INFORMATION SHOWN

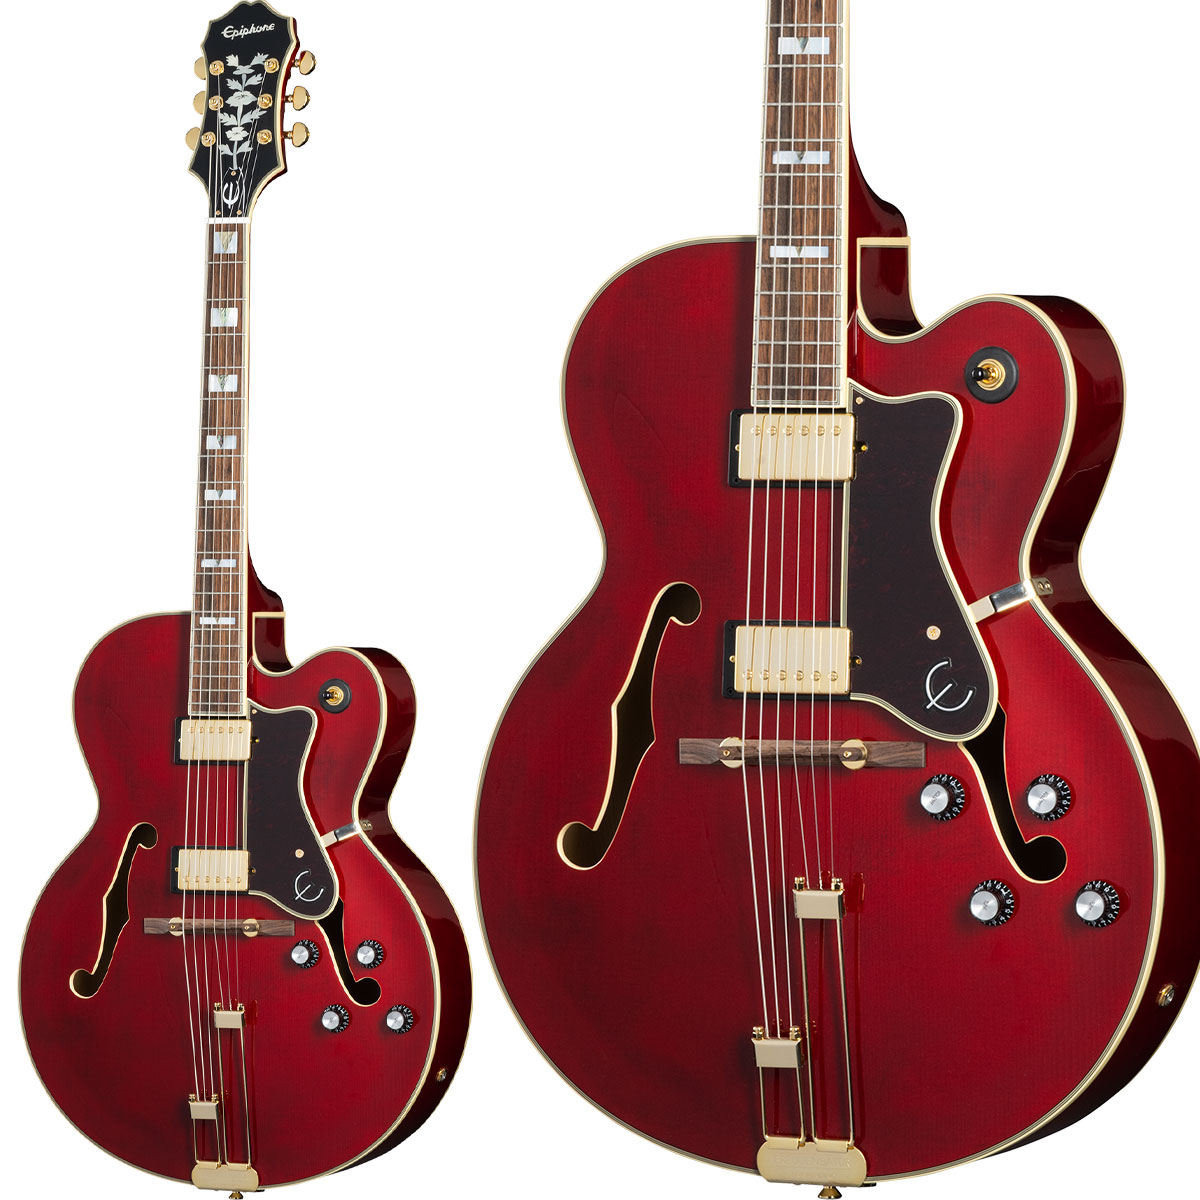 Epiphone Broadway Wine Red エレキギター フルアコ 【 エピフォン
==
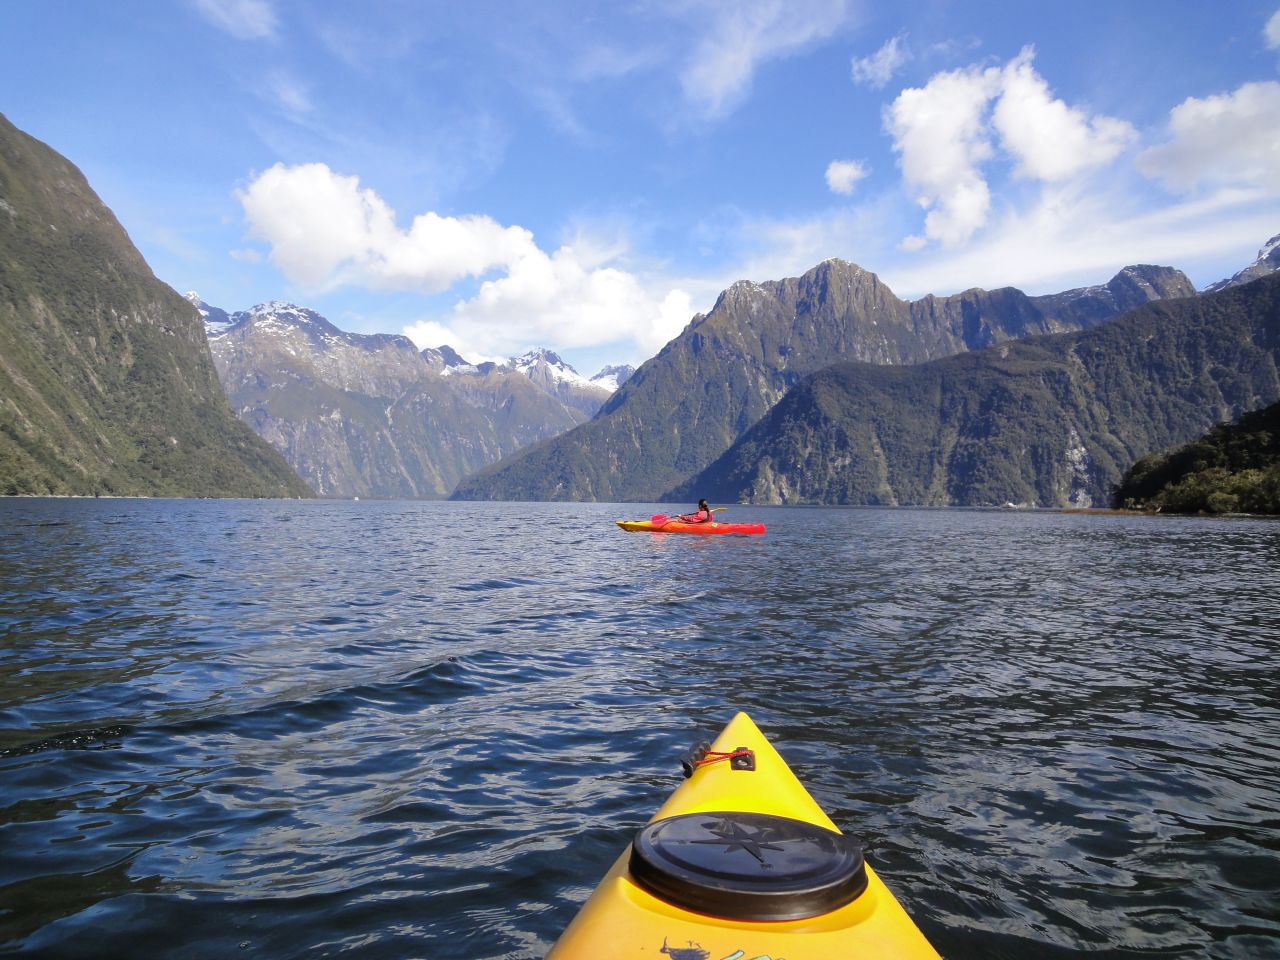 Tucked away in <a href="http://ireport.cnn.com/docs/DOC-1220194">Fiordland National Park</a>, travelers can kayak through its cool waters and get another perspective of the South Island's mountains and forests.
...
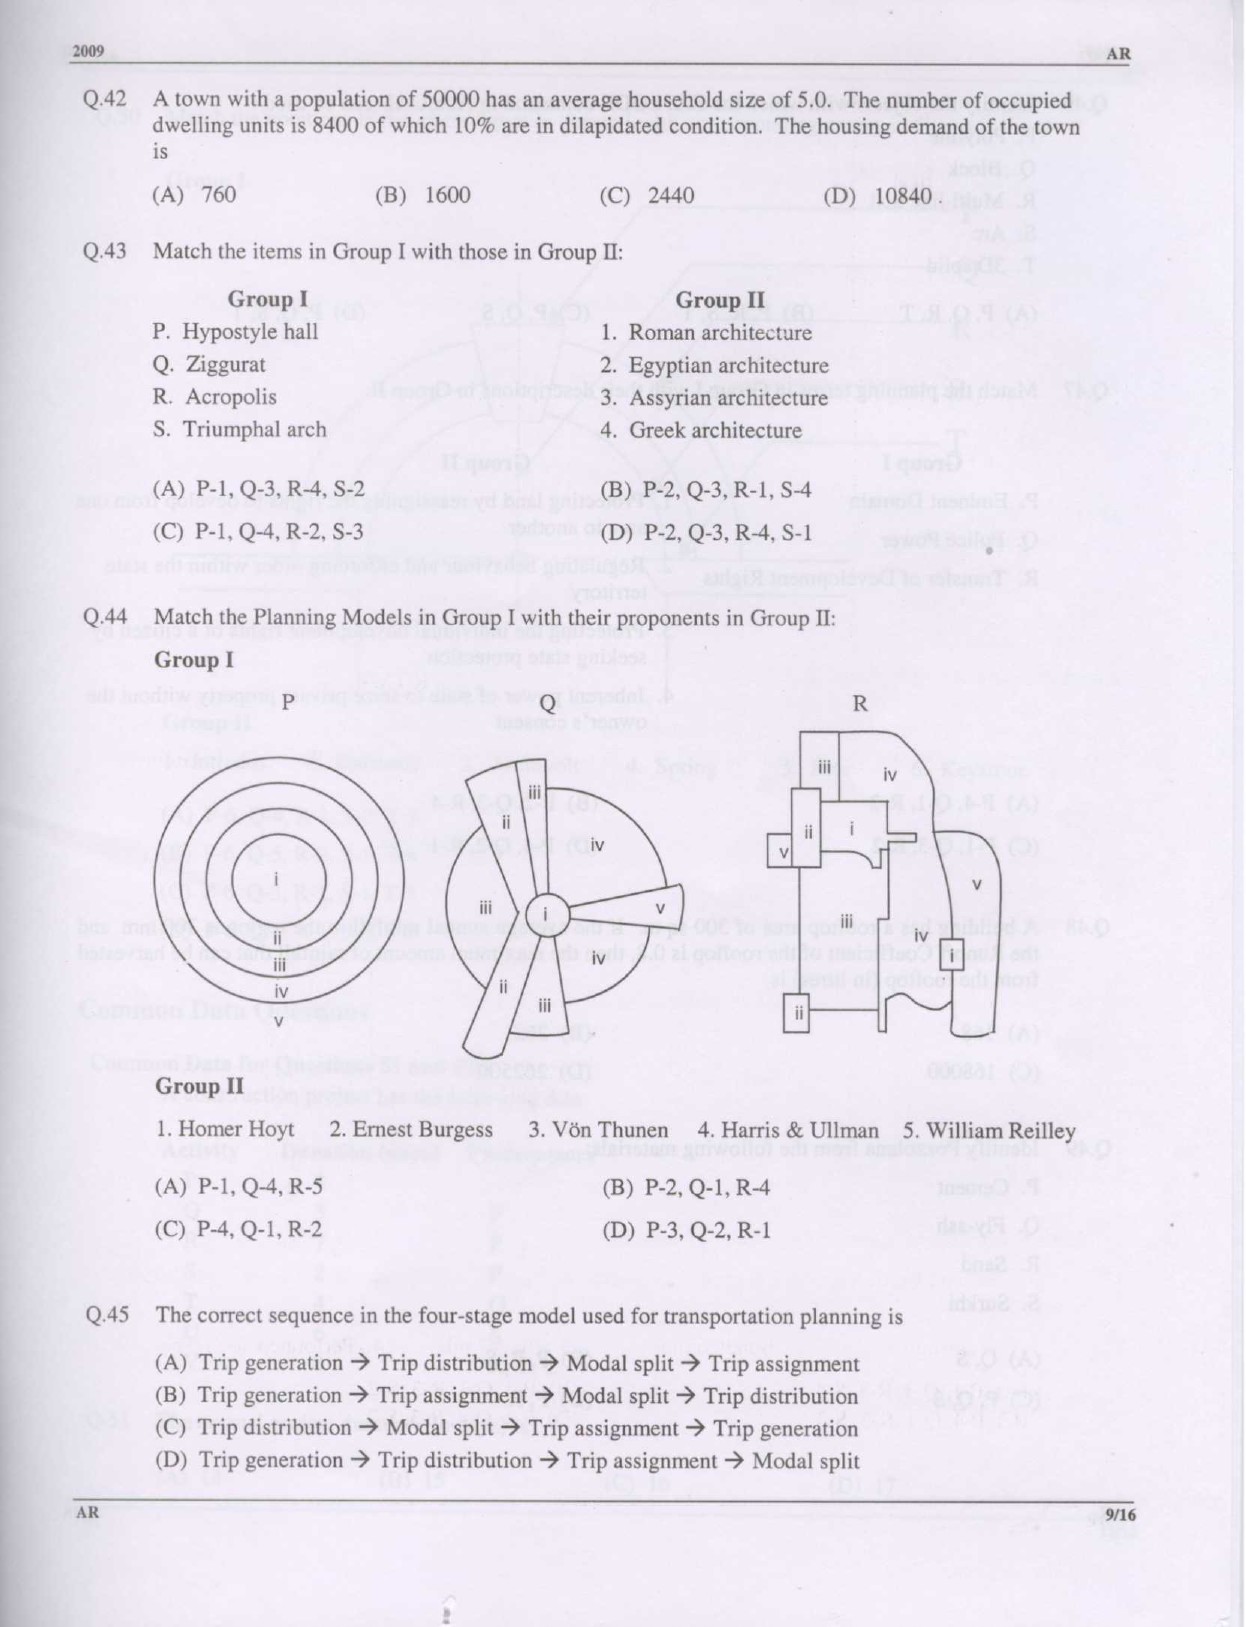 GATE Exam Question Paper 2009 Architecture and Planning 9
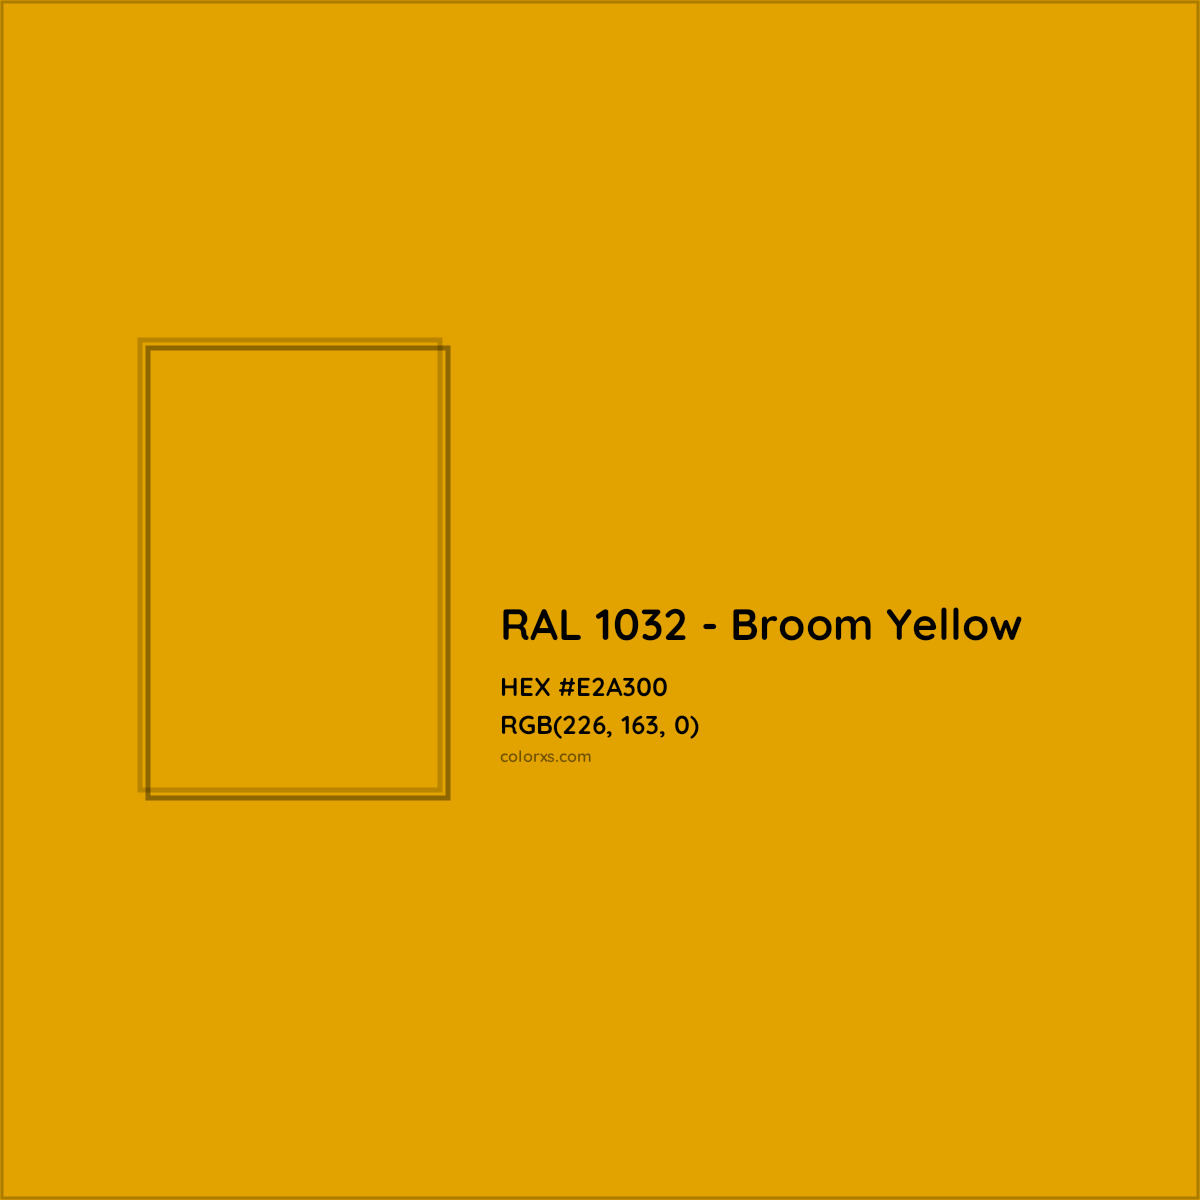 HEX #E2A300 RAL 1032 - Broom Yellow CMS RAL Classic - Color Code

TASK
Using the entries above, transcribe exactly from the line that has "GATE Exam Question" through the line that has "HEX #E2A300 RAL". Pictures are dropped.

ANSWER SPACE
 GATE Exam Question Paper 2009 Architecture and Planning 9
 HEX #E2A300 RAL 1032 - Broom Yellow CMS RAL Classic - Color Code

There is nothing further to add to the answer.